19. A method for identifying unpublished copy number variations (“CNV's”) in a sequence of a genomic region of interest comprising:

selecting a genetic segment of interest from genomic DNA to be tested for presence of copy number variations (“CNV's”);

producing or providing a set of labelled probes covering the genomic region of interest,

hybridizing the labelled probes to said region of interest, wherein said probes are labelled with one of several different colors, wherein each color designates a different target or class of target sequences;

detecting a hybridization pattern formed on the genomic region of interest, and

comparing the hybridization pattern of the labelled probes on the genomic region of interest with a theoretical hybridization pattern deduced from a control database sequence to be used as a referent for identifying unpublished CNVs; and

identifying a new CNV when a copy number of a particular segment of the region of interest differs from that a referent hybridization pattern.

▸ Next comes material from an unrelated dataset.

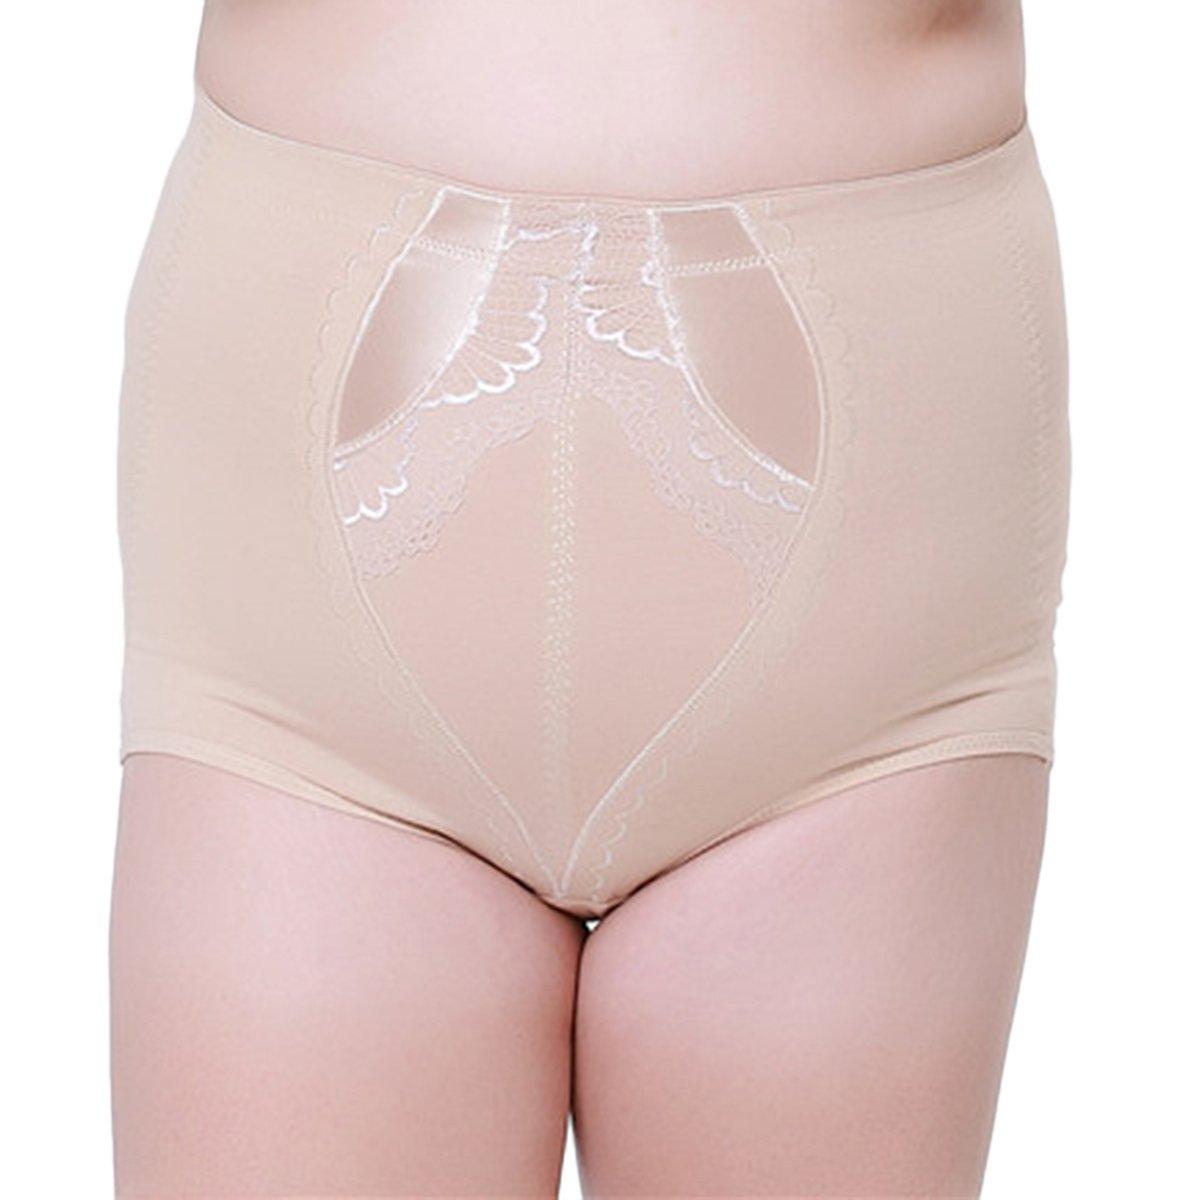 Niyatree Womens Cotton Hi-Cut Boys Shorts Tummy Control Panties Shapewear Brief
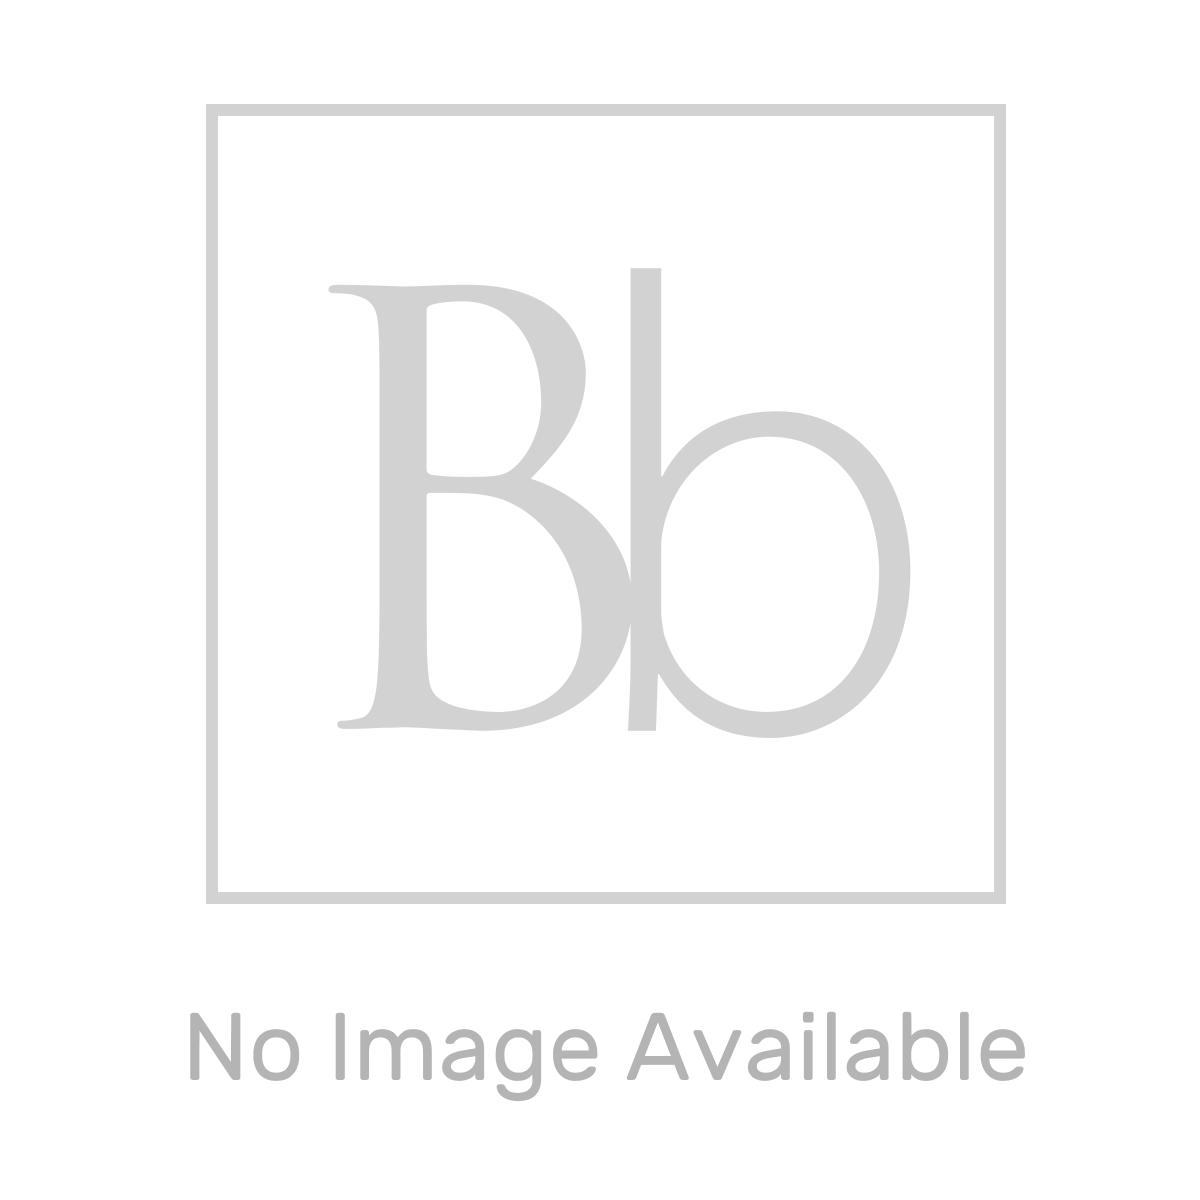 Premier Wet Room Shower Enclosure with Optional Side Panel and Return Panel

20. The method of claim 19, wherein the referent hybridization pattern is deduced from a known genomic DNA sequence.

21. The method of claim 19, wherein the identified CNV is in the SMA genomic region.

22. The method of claim 17, where the biomarkers found are selected fragments of SMA region composed of combinations of complete or partial duplications of Genomic Morse Code (“GMC”) probes on SMA region.